Write the entries below out again in full. Match every character.

Source records Start Marker

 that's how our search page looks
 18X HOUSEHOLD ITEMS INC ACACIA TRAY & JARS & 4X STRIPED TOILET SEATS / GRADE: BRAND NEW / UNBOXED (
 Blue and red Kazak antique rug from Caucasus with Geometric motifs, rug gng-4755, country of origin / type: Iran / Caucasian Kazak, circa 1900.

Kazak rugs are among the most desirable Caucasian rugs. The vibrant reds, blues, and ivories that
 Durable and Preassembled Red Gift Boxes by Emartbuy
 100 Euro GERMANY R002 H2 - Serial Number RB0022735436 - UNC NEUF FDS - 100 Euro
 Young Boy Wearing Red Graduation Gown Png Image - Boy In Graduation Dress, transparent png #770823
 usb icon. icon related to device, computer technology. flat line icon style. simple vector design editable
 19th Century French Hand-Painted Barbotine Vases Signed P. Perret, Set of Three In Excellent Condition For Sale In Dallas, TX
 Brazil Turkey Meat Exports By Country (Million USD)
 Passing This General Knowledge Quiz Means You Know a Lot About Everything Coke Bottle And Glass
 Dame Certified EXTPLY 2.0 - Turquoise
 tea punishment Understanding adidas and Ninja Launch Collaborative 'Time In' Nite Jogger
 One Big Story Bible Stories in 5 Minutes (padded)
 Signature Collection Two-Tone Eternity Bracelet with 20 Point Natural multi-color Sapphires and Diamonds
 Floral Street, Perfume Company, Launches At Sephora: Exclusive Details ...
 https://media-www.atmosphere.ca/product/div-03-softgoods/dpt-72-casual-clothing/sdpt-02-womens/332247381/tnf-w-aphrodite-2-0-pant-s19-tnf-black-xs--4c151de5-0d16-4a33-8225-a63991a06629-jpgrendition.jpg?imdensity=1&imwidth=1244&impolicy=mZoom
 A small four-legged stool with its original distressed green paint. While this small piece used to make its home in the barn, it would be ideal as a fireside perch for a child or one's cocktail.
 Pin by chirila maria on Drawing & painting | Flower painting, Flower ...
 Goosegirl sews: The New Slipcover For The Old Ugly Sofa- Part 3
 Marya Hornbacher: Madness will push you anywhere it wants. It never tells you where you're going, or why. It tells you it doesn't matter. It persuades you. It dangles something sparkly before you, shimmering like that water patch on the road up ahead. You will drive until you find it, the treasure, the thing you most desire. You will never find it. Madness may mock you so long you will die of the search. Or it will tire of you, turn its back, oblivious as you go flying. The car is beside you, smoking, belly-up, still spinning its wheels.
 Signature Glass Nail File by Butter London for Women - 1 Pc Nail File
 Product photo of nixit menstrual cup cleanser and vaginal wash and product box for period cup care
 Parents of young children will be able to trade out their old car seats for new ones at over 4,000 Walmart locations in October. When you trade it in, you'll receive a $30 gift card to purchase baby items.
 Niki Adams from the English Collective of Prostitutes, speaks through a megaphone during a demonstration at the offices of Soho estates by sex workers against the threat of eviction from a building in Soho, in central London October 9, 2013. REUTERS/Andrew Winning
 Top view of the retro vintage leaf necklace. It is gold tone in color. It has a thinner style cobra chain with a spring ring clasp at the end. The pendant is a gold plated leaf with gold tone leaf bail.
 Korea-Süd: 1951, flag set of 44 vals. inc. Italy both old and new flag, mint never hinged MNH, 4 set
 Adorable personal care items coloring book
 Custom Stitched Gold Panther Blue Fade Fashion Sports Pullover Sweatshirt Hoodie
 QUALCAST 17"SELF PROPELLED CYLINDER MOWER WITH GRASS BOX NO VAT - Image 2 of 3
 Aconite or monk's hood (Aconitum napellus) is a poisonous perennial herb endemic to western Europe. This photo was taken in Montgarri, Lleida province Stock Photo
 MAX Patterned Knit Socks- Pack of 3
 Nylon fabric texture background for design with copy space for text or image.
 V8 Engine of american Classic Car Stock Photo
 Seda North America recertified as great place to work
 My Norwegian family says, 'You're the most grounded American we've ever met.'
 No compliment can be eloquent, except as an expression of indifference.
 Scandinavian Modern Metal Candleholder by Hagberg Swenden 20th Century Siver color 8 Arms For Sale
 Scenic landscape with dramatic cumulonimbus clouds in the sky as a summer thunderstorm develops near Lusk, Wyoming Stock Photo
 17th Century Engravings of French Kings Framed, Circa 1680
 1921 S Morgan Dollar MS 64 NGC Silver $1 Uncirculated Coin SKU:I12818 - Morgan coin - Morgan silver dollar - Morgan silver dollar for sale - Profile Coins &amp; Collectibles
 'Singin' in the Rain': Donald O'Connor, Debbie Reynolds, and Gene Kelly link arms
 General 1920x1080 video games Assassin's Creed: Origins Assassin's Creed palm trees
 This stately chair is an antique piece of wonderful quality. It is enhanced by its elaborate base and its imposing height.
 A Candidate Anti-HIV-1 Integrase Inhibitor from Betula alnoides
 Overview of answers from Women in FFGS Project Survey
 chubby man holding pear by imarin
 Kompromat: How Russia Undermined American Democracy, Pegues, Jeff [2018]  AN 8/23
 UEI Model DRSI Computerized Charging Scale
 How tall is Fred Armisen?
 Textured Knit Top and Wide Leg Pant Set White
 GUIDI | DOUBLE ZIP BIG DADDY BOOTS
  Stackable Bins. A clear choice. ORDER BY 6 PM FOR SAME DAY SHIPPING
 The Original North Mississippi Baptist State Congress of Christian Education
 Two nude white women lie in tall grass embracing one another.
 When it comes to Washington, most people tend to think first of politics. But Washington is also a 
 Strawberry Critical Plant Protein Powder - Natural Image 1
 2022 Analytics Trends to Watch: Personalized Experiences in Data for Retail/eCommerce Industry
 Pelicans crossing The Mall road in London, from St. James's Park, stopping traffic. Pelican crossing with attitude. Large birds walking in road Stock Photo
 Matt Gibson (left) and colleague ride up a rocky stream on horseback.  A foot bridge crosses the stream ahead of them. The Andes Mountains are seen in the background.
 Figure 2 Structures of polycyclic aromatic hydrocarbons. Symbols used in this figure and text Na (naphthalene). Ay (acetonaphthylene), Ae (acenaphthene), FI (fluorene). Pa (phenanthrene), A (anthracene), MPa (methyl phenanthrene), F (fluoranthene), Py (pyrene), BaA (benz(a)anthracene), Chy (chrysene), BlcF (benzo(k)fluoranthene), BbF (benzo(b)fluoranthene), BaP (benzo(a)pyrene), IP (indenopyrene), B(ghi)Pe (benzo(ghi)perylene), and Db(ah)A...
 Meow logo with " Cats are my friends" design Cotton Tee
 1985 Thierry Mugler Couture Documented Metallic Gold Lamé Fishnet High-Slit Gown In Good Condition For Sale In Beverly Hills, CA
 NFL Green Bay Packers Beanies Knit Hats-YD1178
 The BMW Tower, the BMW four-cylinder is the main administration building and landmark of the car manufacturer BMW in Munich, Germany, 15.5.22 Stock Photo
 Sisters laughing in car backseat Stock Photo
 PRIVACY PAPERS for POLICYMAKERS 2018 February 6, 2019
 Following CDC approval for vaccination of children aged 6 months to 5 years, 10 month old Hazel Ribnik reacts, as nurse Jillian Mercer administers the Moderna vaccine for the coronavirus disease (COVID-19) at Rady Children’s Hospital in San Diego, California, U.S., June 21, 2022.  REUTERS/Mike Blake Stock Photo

Source records End Marker

The completed task:
 that's how our search page looks
 18X HOUSEHOLD ITEMS INC ACACIA TRAY & JARS & 4X STRIPED TOILET SEATS / GRADE: BRAND NEW / UNBOXED (
 Blue and red Kazak antique rug from Caucasus with Geometric motifs, rug gng-4755, country of origin / type: Iran / Caucasian Kazak, circa 1900.

Kazak rugs are among the most desirable Caucasian rugs. The vibrant reds, blues, and ivories that
 Durable and Preassembled Red Gift Boxes by Emartbuy
 100 Euro GERMANY R002 H2 - Serial Number RB0022735436 - UNC NEUF FDS - 100 Euro
 Young Boy Wearing Red Graduation Gown Png Image - Boy In Graduation Dress, transparent png #770823
 usb icon. icon related to device, computer technology. flat line icon style. simple vector design editable
 19th Century French Hand-Painted Barbotine Vases Signed P. Perret, Set of Three In Excellent Condition For Sale In Dallas, TX
 Brazil Turkey Meat Exports By Country (Million USD)
 Passing This General Knowledge Quiz Means You Know a Lot About Everything Coke Bottle And Glass
 Dame Certified EXTPLY 2.0 - Turquoise
 tea punishment Understanding adidas and Ninja Launch Collaborative 'Time In' Nite Jogger
 One Big Story Bible Stories in 5 Minutes (padded)
 Signature Collection Two-Tone Eternity Bracelet with 20 Point Natural multi-color Sapphires and Diamonds
 Floral Street, Perfume Company, Launches At Sephora: Exclusive Details ...
 https://media-www.atmosphere.ca/product/div-03-softgoods/dpt-72-casual-clothing/sdpt-02-womens/332247381/tnf-w-aphrodite-2-0-pant-s19-tnf-black-xs--4c151de5-0d16-4a33-8225-a63991a06629-jpgrendition.jpg?imdensity=1&imwidth=1244&impolicy=mZoom
 A small four-legged stool with its original distressed green paint. While this small piece used to make its home in the barn, it would be ideal as a fireside perch for a child or one's cocktail.
 Pin by chirila maria on Drawing & painting | Flower painting, Flower ...
 Goosegirl sews: The New Slipcover For The Old Ugly Sofa- Part 3
 Marya Hornbacher: Madness will push you anywhere it wants. It never tells you where you're going, or why. It tells you it doesn't matter. It persuades you. It dangles something sparkly before you, shimmering like that water patch on the road up ahead. You will drive until you find it, the treasure, the thing you most desire. You will never find it. Madness may mock you so long you will die of the search. Or it will tire of you, turn its back, oblivious as you go flying. The car is beside you, smoking, belly-up, still spinning its wheels.
 Signature Glass Nail File by Butter London for Women - 1 Pc Nail File
 Product photo of nixit menstrual cup cleanser and vaginal wash and product box for period cup care
 Parents of young children will be able to trade out their old car seats for new ones at over 4,000 Walmart locations in October. When you trade it in, you'll receive a $30 gift card to purchase baby items.
 Niki Adams from the English Collective of Prostitutes, speaks through a megaphone during a demonstration at the offices of Soho estates by sex workers against the threat of eviction from a building in Soho, in central London October 9, 2013. REUTERS/Andrew Winning
 Top view of the retro vintage leaf necklace. It is gold tone in color. It has a thinner style cobra chain with a spring ring clasp at the end. The pendant is a gold plated leaf with gold tone leaf bail.
 Korea-Süd: 1951, flag set of 44 vals. inc. Italy both old and new flag, mint never hinged MNH, 4 set
 Adorable personal care items coloring book
 Custom Stitched Gold Panther Blue Fade Fashion Sports Pullover Sweatshirt Hoodie
 QUALCAST 17"SELF PROPELLED CYLINDER MOWER WITH GRASS BOX NO VAT - Image 2 of 3
 Aconite or monk's hood (Aconitum napellus) is a poisonous perennial herb endemic to western Europe. This photo was taken in Montgarri, Lleida province Stock Photo
 MAX Patterned Knit Socks- Pack of 3
 Nylon fabric texture background for design with copy space for text or image.
 V8 Engine of american Classic Car Stock Photo
 Seda North America recertified as great place to work
 My Norwegian family says, 'You're the most grounded American we've ever met.'
 No compliment can be eloquent, except as an expression of indifference.
 Scandinavian Modern Metal Candleholder by Hagberg Swenden 20th Century Siver color 8 Arms For Sale
 Scenic landscape with dramatic cumulonimbus clouds in the sky as a summer thunderstorm develops near Lusk, Wyoming Stock Photo
 17th Century Engravings of French Kings Framed, Circa 1680
 1921 S Morgan Dollar MS 64 NGC Silver $1 Uncirculated Coin SKU:I12818 - Morgan coin - Morgan silver dollar - Morgan silver dollar for sale - Profile Coins &amp; Collectibles
 'Singin' in the Rain': Donald O'Connor, Debbie Reynolds, and Gene Kelly link arms
 General 1920x1080 video games Assassin's Creed: Origins Assassin's Creed palm trees
 This stately chair is an antique piece of wonderful quality. It is enhanced by its elaborate base and its imposing height.
 A Candidate Anti-HIV-1 Integrase Inhibitor from Betula alnoides
 Overview of answers from Women in FFGS Project Survey
 chubby man holding pear by imarin
 Kompromat: How Russia Undermined American Democracy, Pegues, Jeff [2018]  AN 8/23
 UEI Model DRSI Computerized Charging Scale
 How tall is Fred Armisen?
 Textured Knit Top and Wide Leg Pant Set White
 GUIDI | DOUBLE ZIP BIG DADDY BOOTS
  Stackable Bins. A clear choice. ORDER BY 6 PM FOR SAME DAY SHIPPING
 The Original North Mississippi Baptist State Congress of Christian Education
 Two nude white women lie in tall grass embracing one another.
 When it comes to Washington, most people tend to think first of politics. But Washington is also a 
 Strawberry Critical Plant Protein Powder - Natural Image 1
 2022 Analytics Trends to Watch: Personalized Experiences in Data for Retail/eCommerce Industry
 Pelicans crossing The Mall road in London, from St. James's Park, stopping traffic. Pelican crossing with attitude. Large birds walking in road Stock Photo
 Matt Gibson (left) and colleague ride up a rocky stream on horseback.  A foot bridge crosses the stream ahead of them. The Andes Mountains are seen in the background.
 Figure 2 Structures of polycyclic aromatic hydrocarbons. Symbols used in this figure and text Na (naphthalene). Ay (acetonaphthylene), Ae (acenaphthene), FI (fluorene). Pa (phenanthrene), A (anthracene), MPa (methyl phenanthrene), F (fluoranthene), Py (pyrene), BaA (benz(a)anthracene), Chy (chrysene), BlcF (benzo(k)fluoranthene), BbF (benzo(b)fluoranthene), BaP (benzo(a)pyrene), IP (indenopyrene), B(ghi)Pe (benzo(ghi)perylene), and Db(ah)A...
 Meow logo with " Cats are my friends" design Cotton Tee
 1985 Thierry Mugler Couture Documented Metallic Gold Lamé Fishnet High-Slit Gown In Good Condition For Sale In Beverly Hills, CA
 NFL Green Bay Packers Beanies Knit Hats-YD1178
 The BMW Tower, the BMW four-cylinder is the main administration building and landmark of the car manufacturer BMW in Munich, Germany, 15.5.22 Stock Photo
 Sisters laughing in car backseat Stock Photo
 PRIVACY PAPERS for POLICYMAKERS 2018 February 6, 2019
 Following CDC approval for vaccination of children aged 6 months to 5 years, 10 month old Hazel Ribnik reacts, as nurse Jillian Mercer administers the Moderna vaccine for the coronavirus disease (COVID-19) at Rady Children’s Hospital in San Diego, California, U.S., June 21, 2022.  REUTERS/Mike Blake Stock Photo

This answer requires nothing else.